== What the task requires ==
An exact transcription is needed, beginning at the line with "Black Knit White Lace Arm Warmers, , hi-res" and ending at the last line of the listing, with pictures left out and nothing else added.

== Source data ==
——————

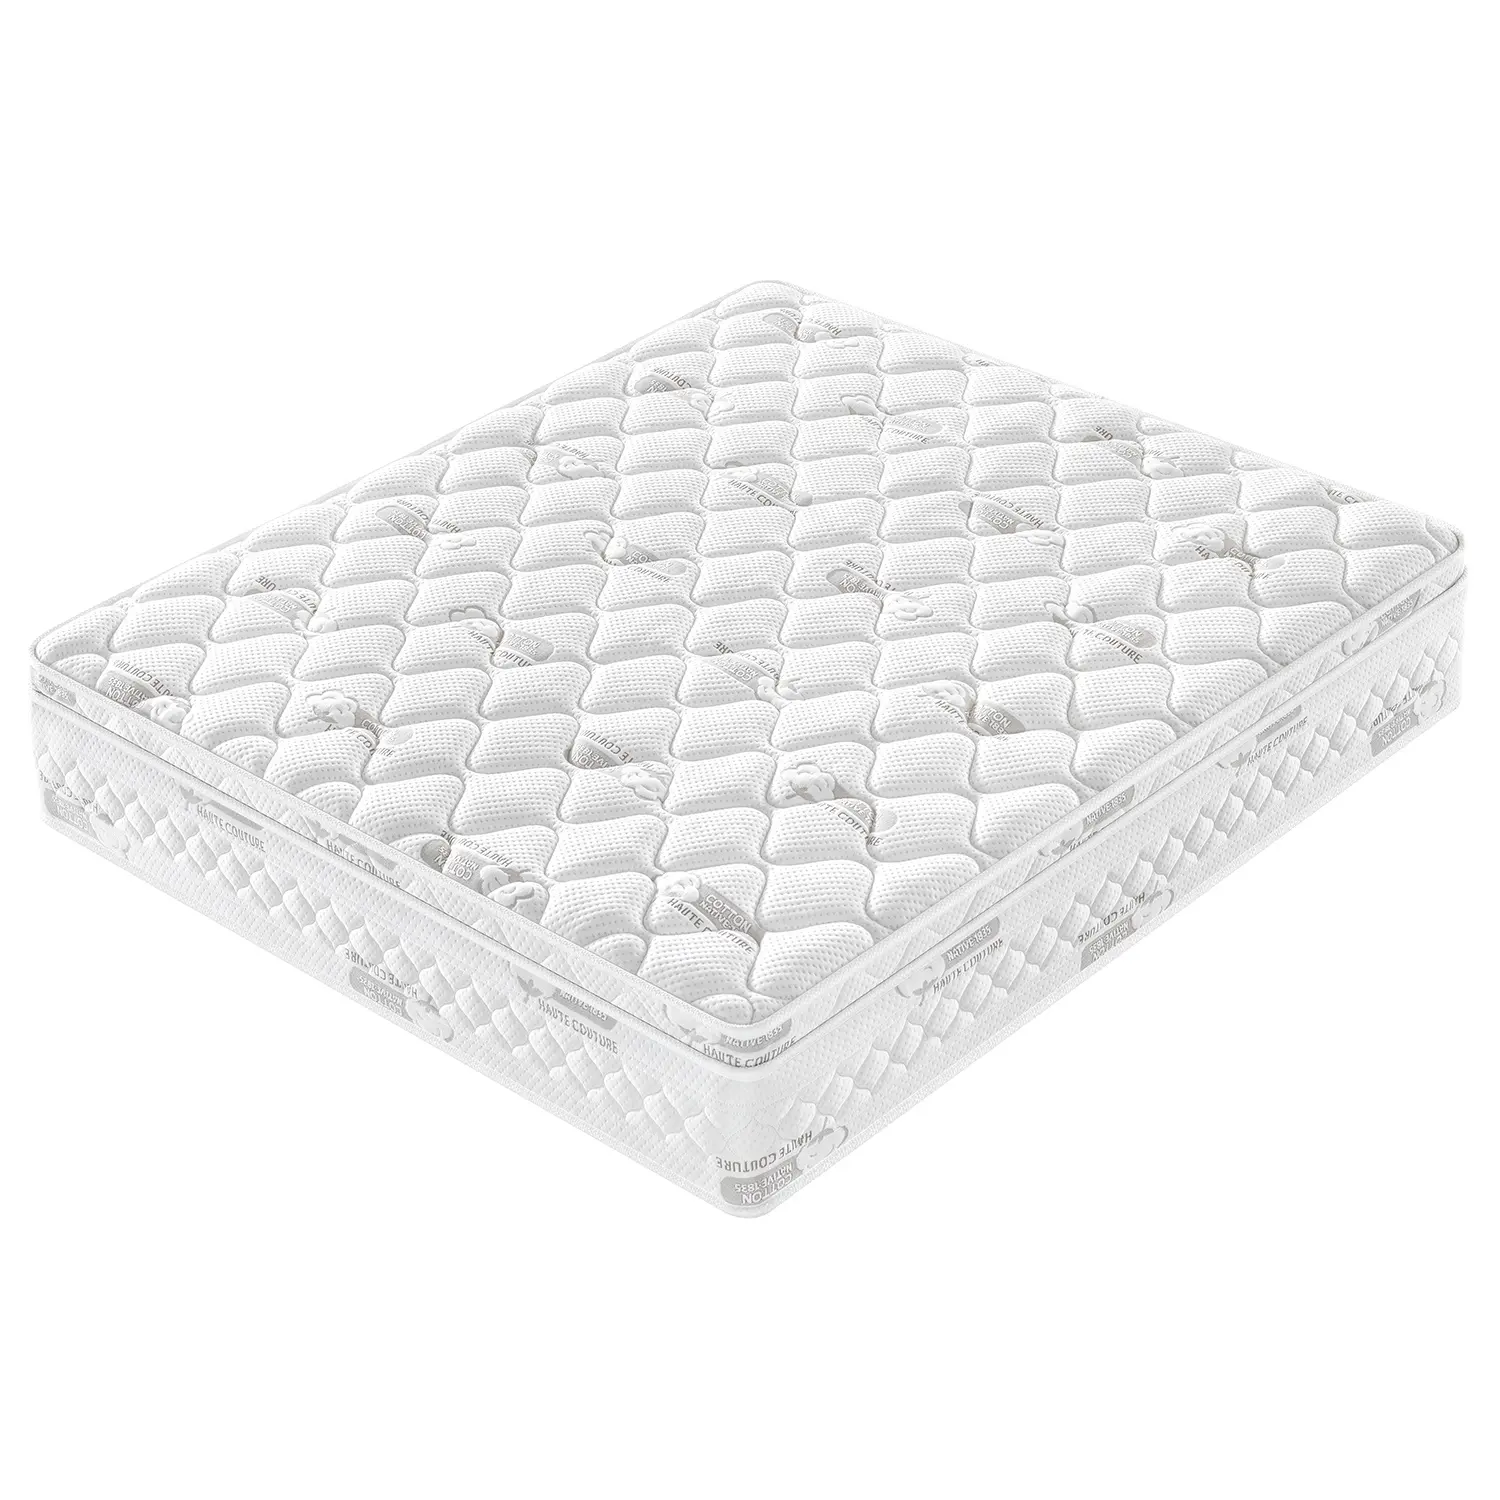 200*180*25cm 12 Inch Tight Top Rolling Inner Spring Matress With Natural Latex Certified High Density Foam Mattress
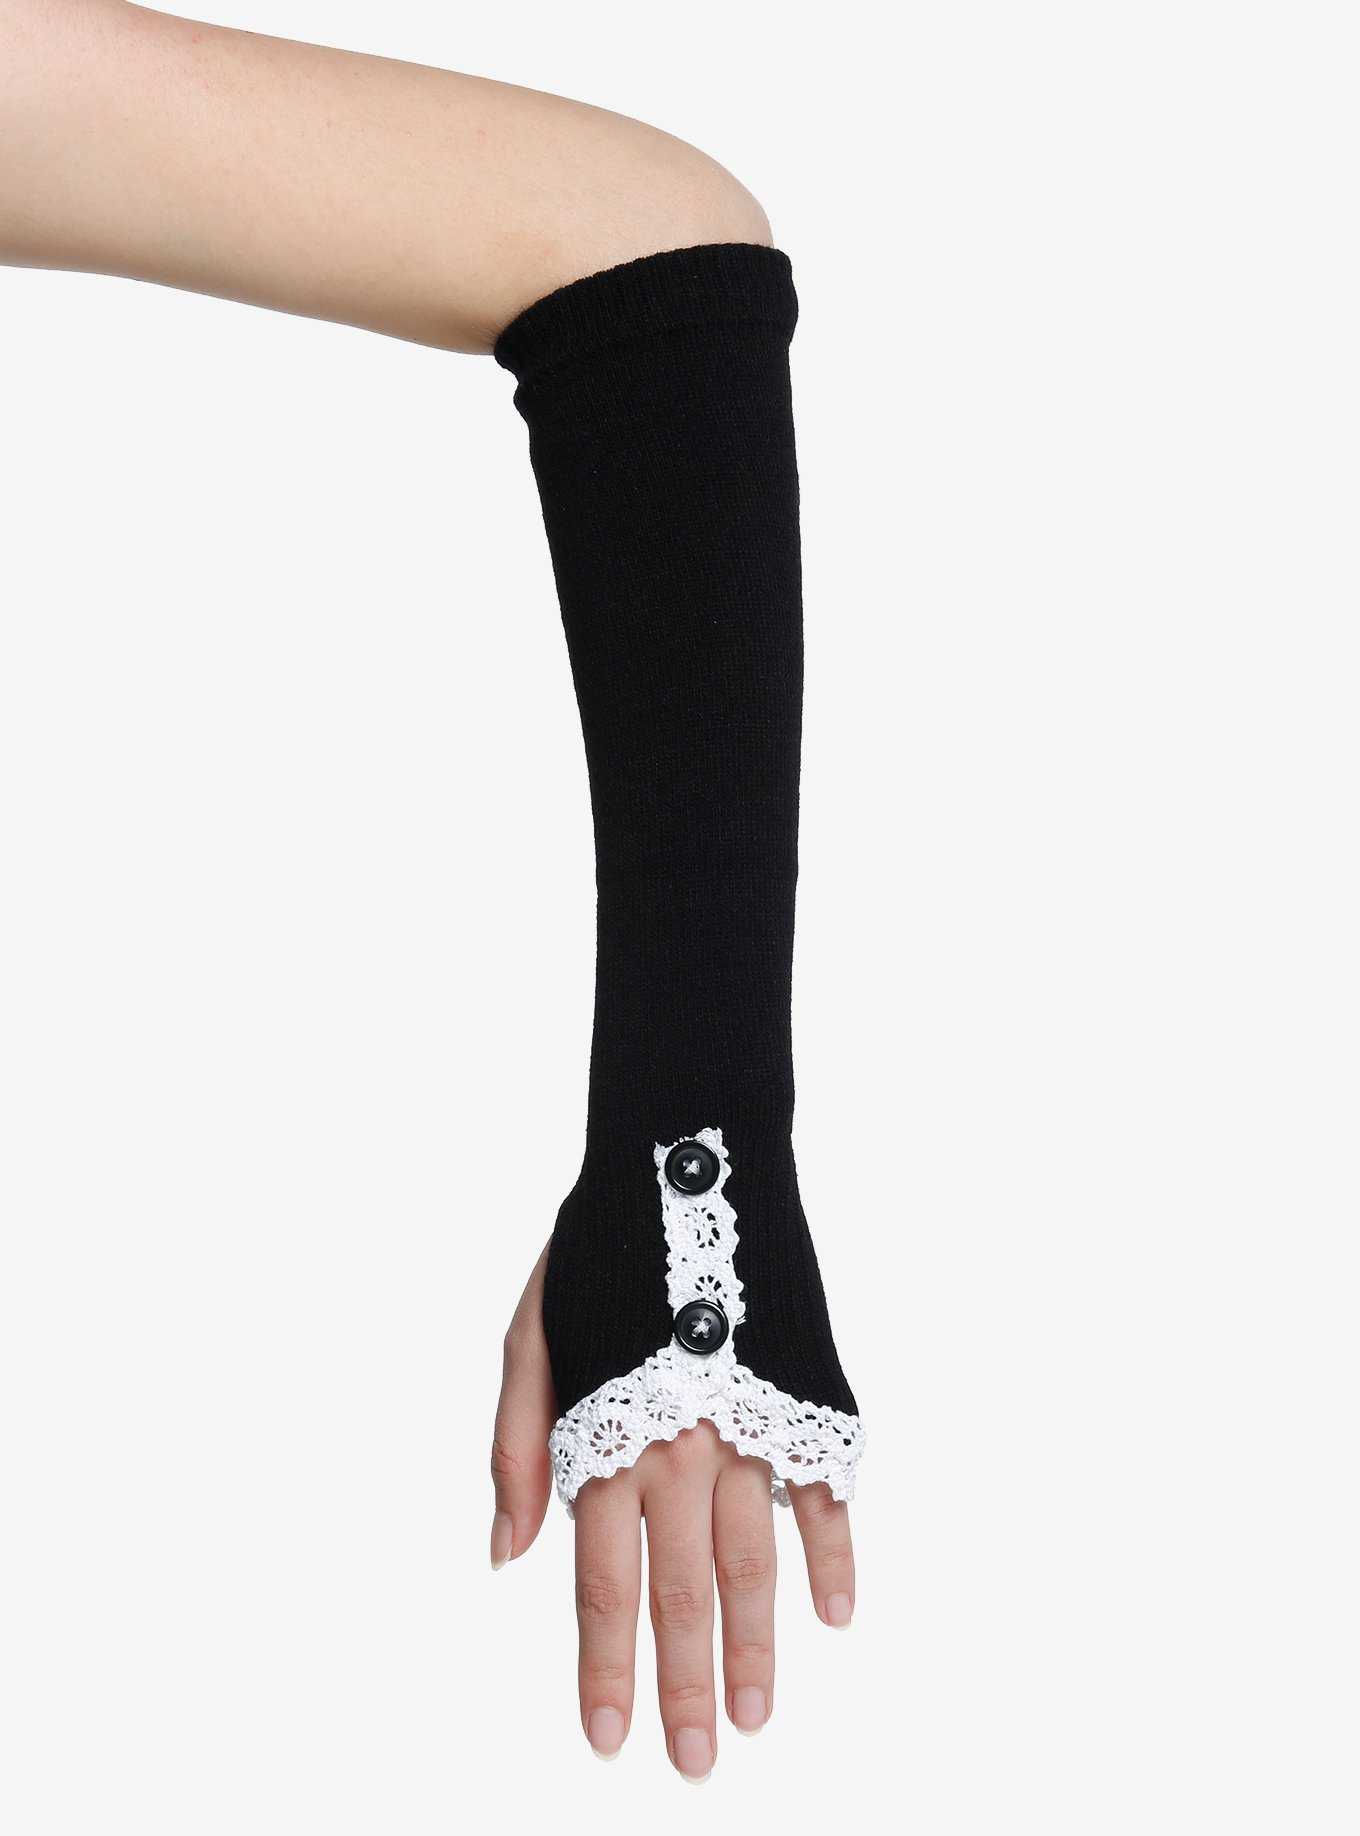 Black Knit White Lace Arm Warmers, , hi-res
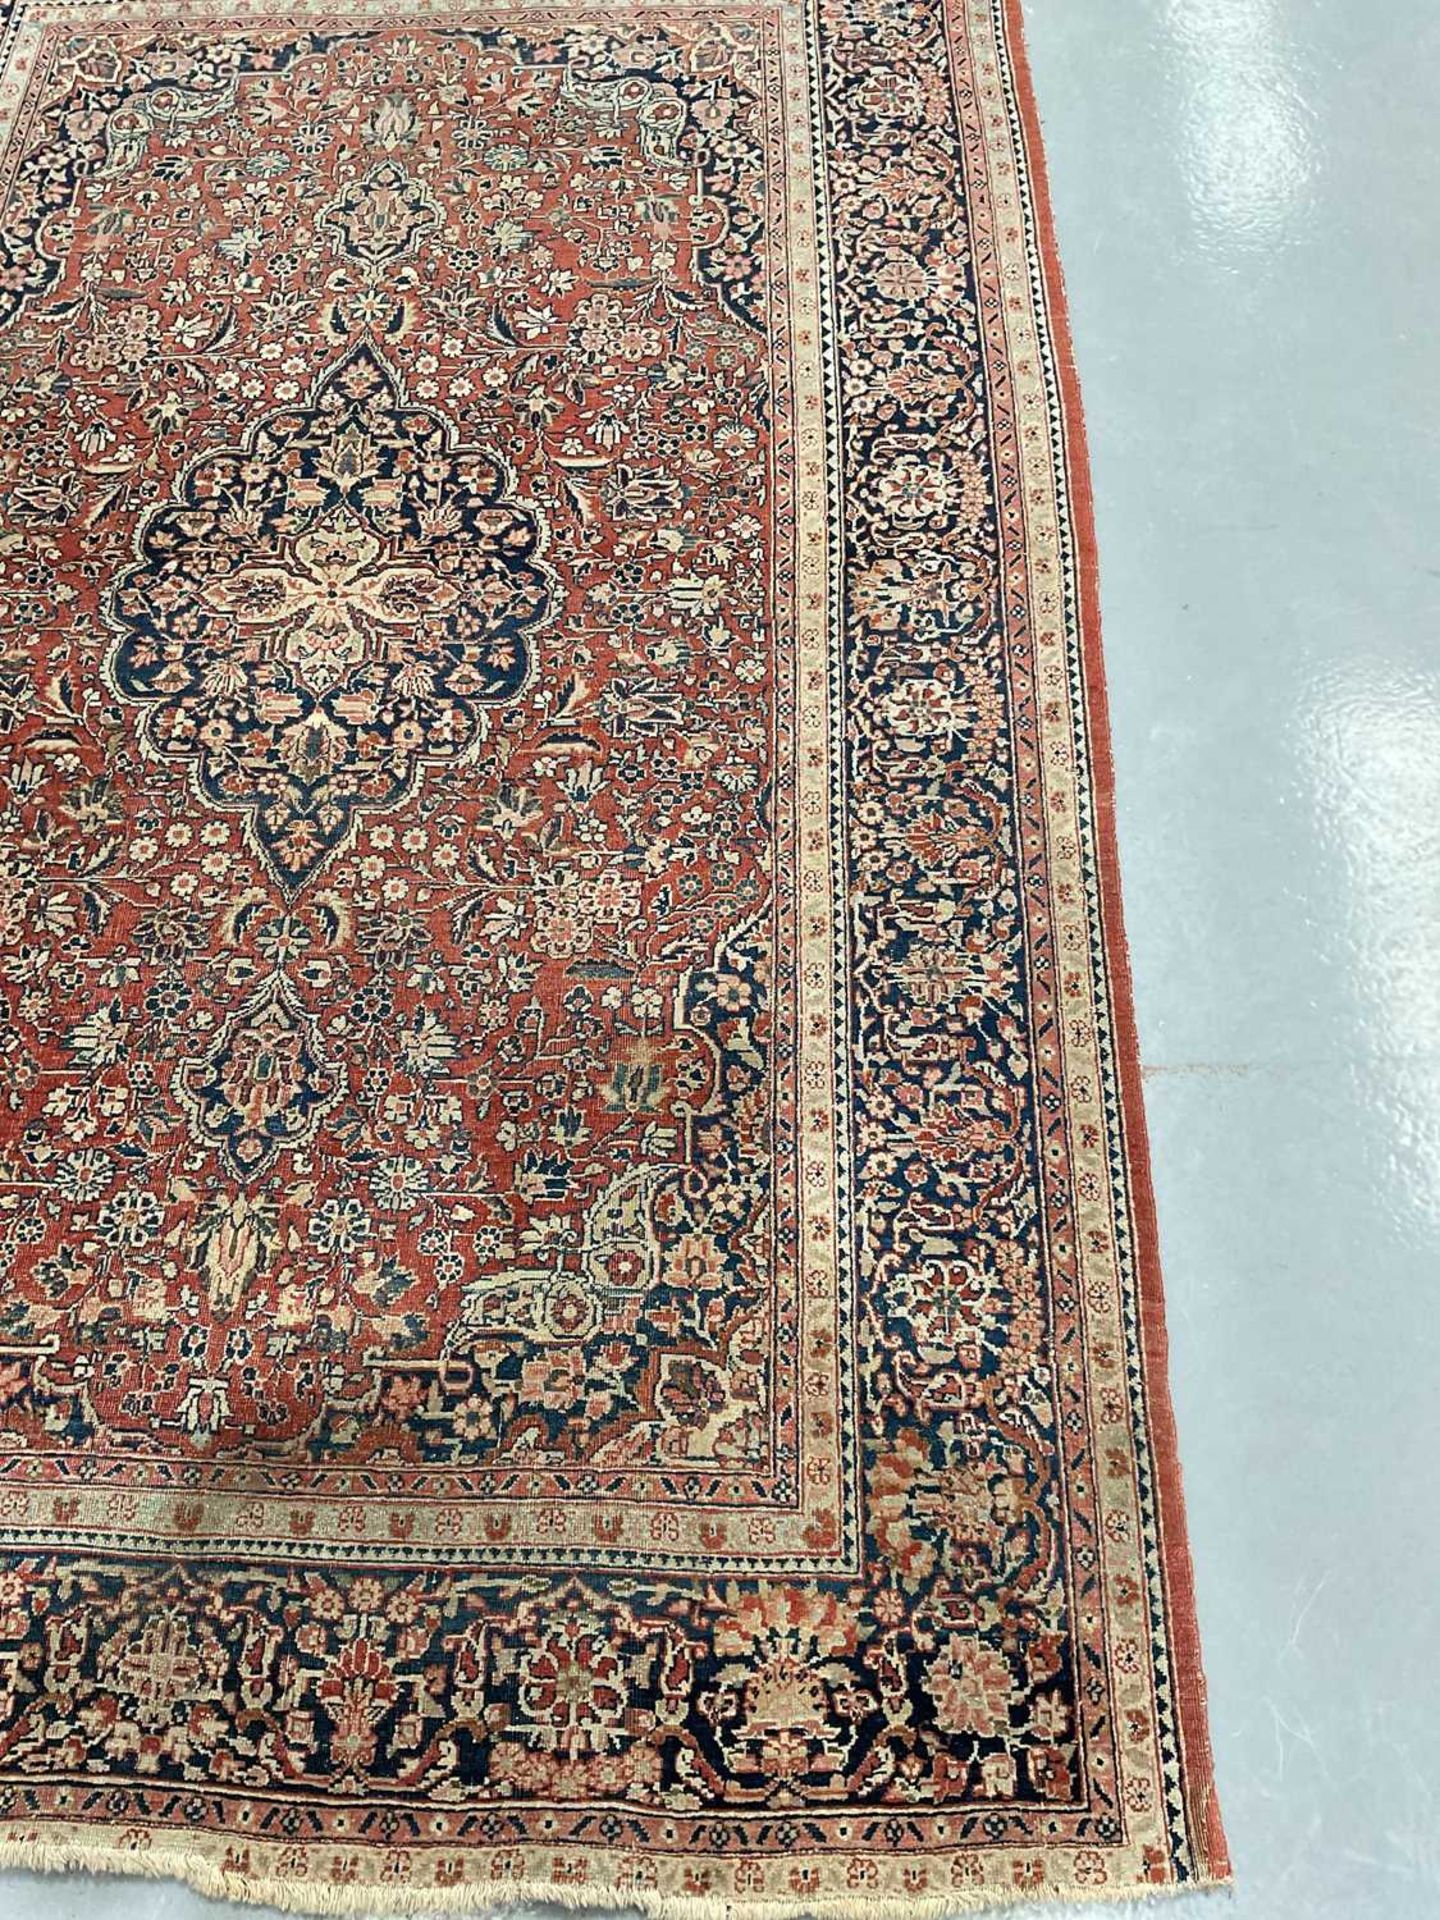 A Kashan rug with central medalion within borders, 202 x 133cm (2) Provenance: The contents of The - Image 4 of 9

——————

== Answer space ==
 Black Knit White Lace Arm Warmers, , hi-res
 A Kashan rug with central medalion within borders, 202 x 133cm (2) Provenance: The contents of The - Image 4 of 9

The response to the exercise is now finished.